* Available data *
▬▬▬

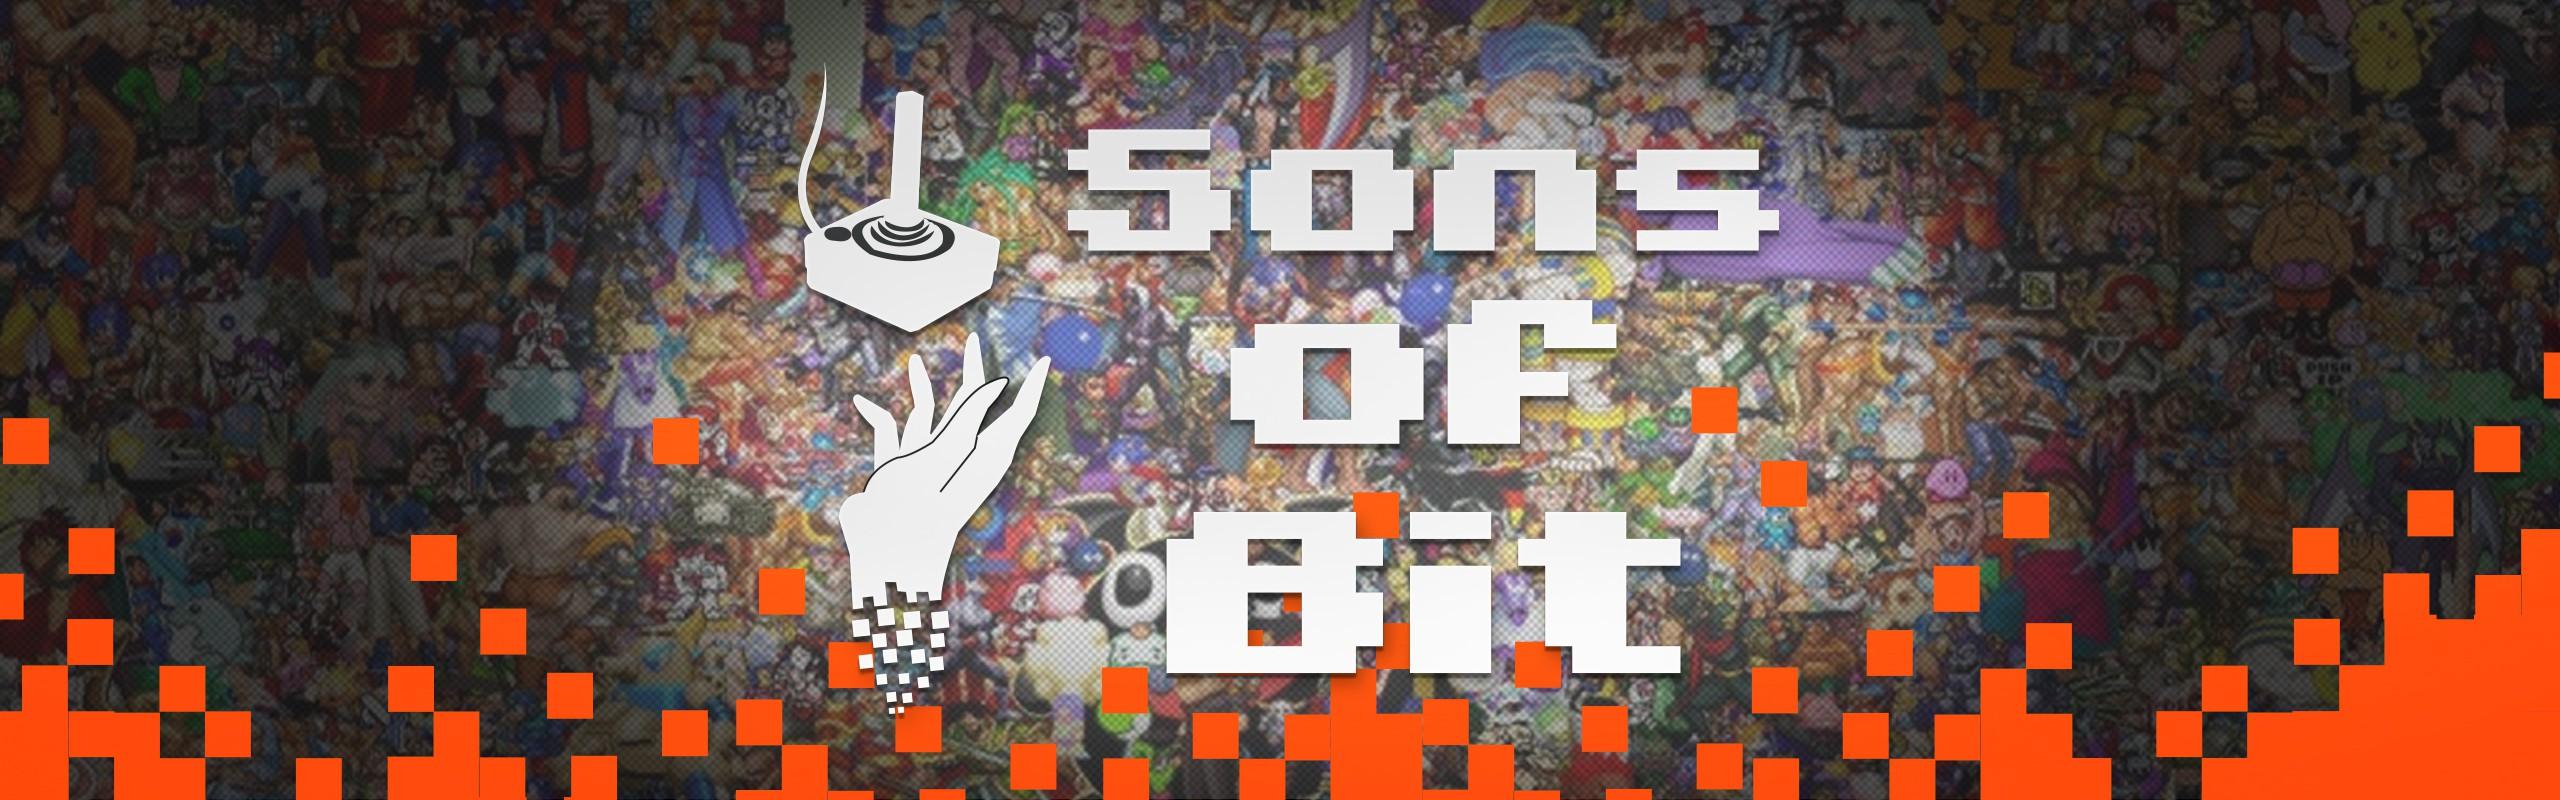 Sons Of Bit
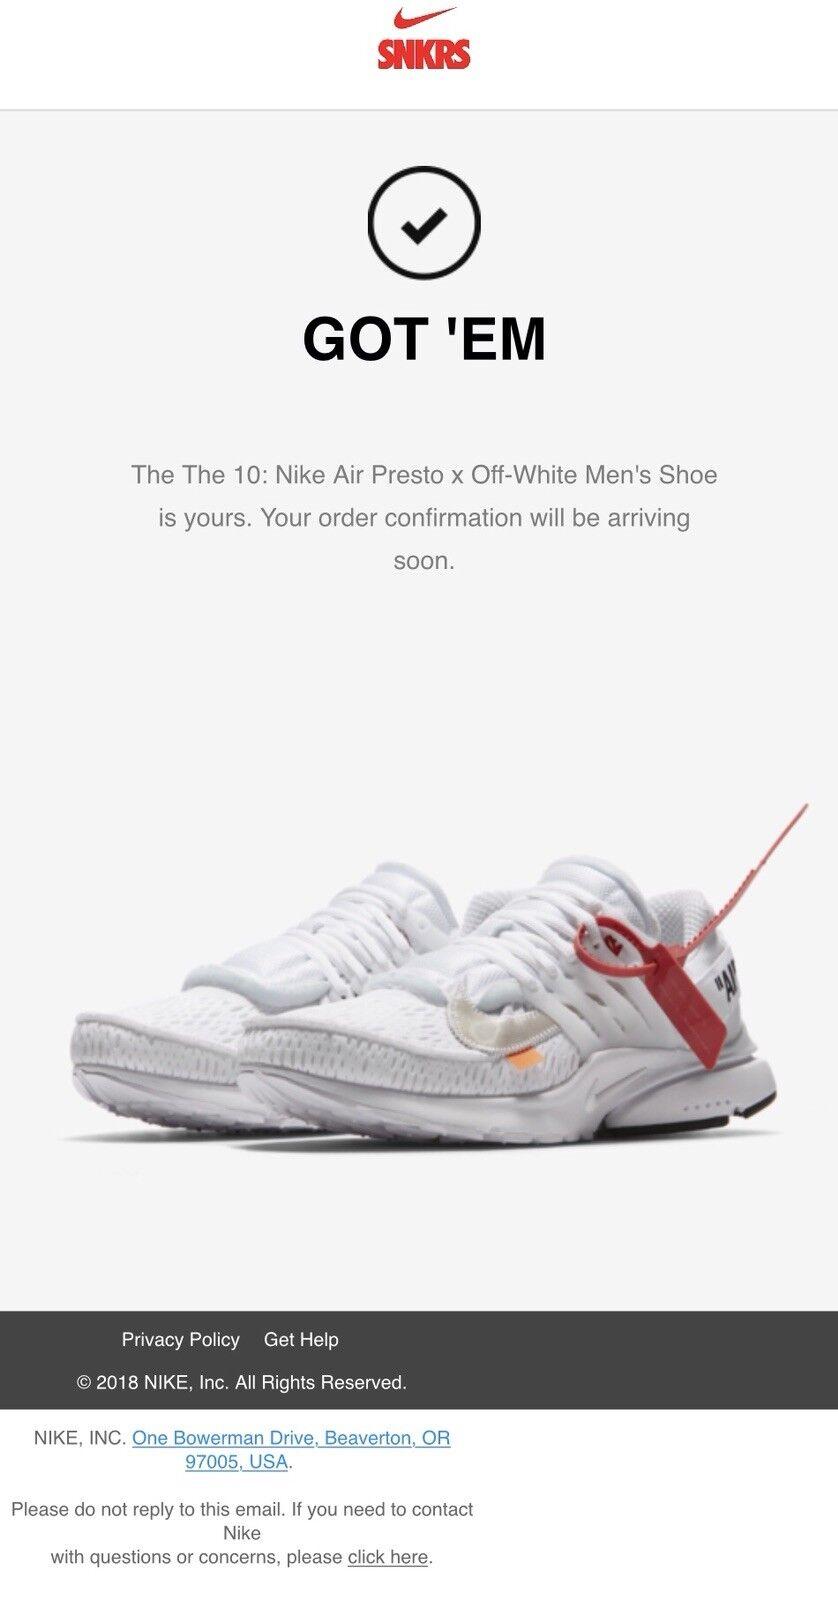 The (Ten) 10: Nike Air Presto x Off-White Men's Shoe - size 11 CONFIRMED.
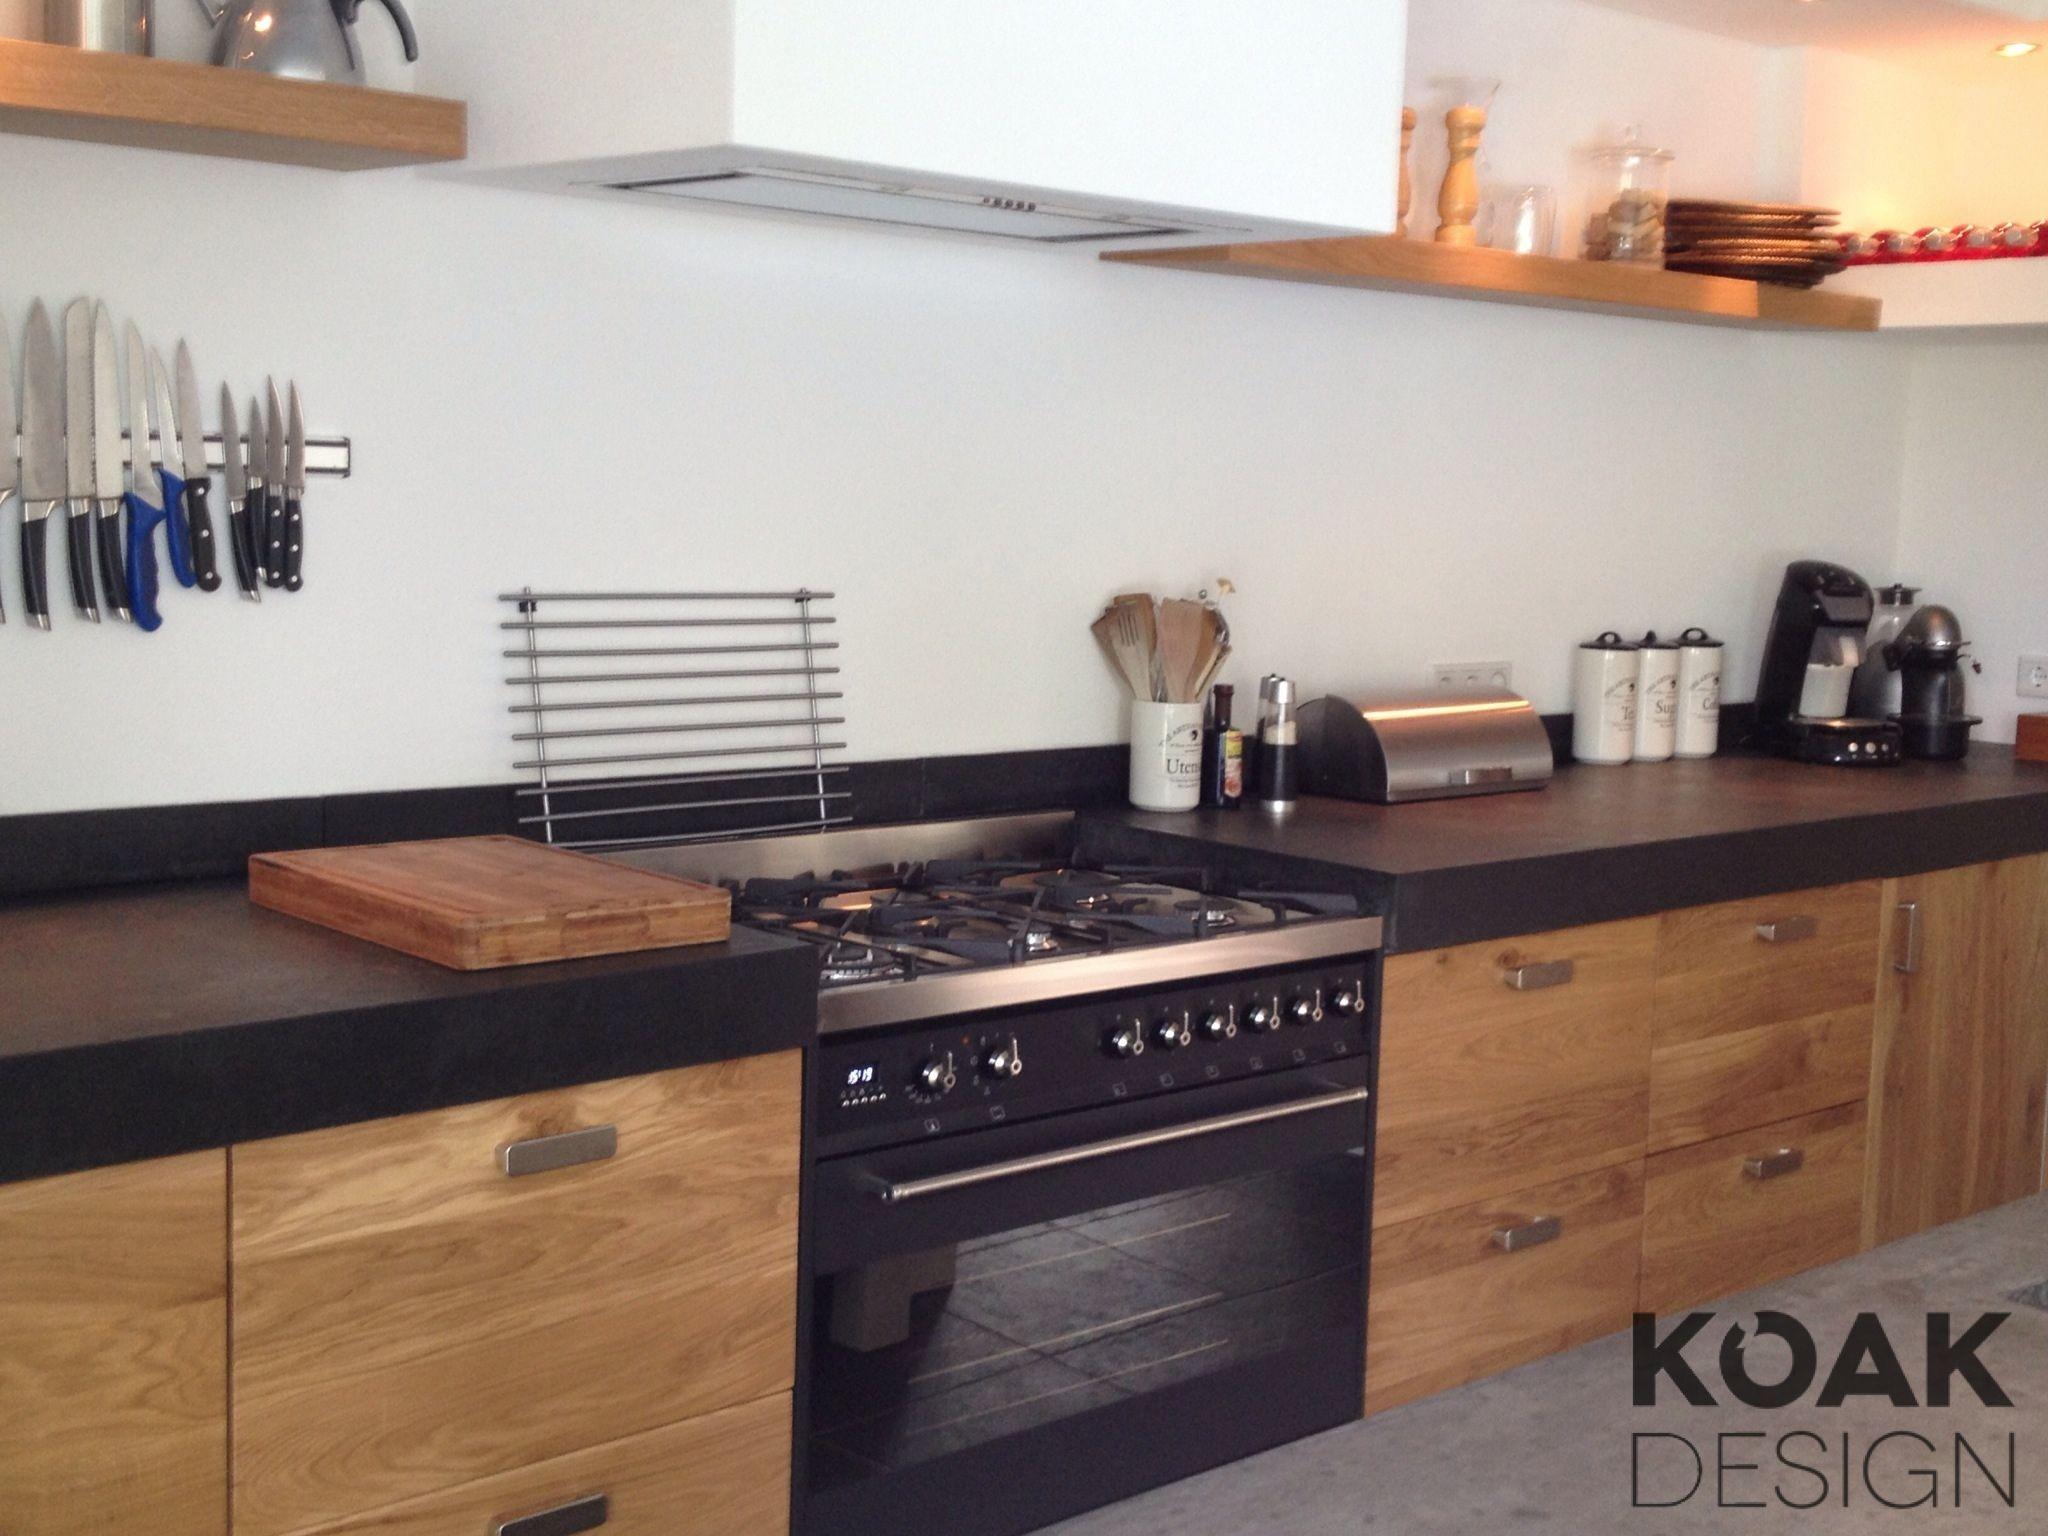 Keuken Eiken Houten : Koak keuken massief eiken houten keuken op basis van ikea laden

▬▬▬

* Task requirements *
Copy all the material word for word, minus its pictures.

* Answer for this exercise *
 Sons Of Bit
 The (Ten) 10: Nike Air Presto x Off-White Men's Shoe - size 11 CONFIRMED.
 Keuken Eiken Houten : Koak keuken massief eiken houten keuken op basis van ikea laden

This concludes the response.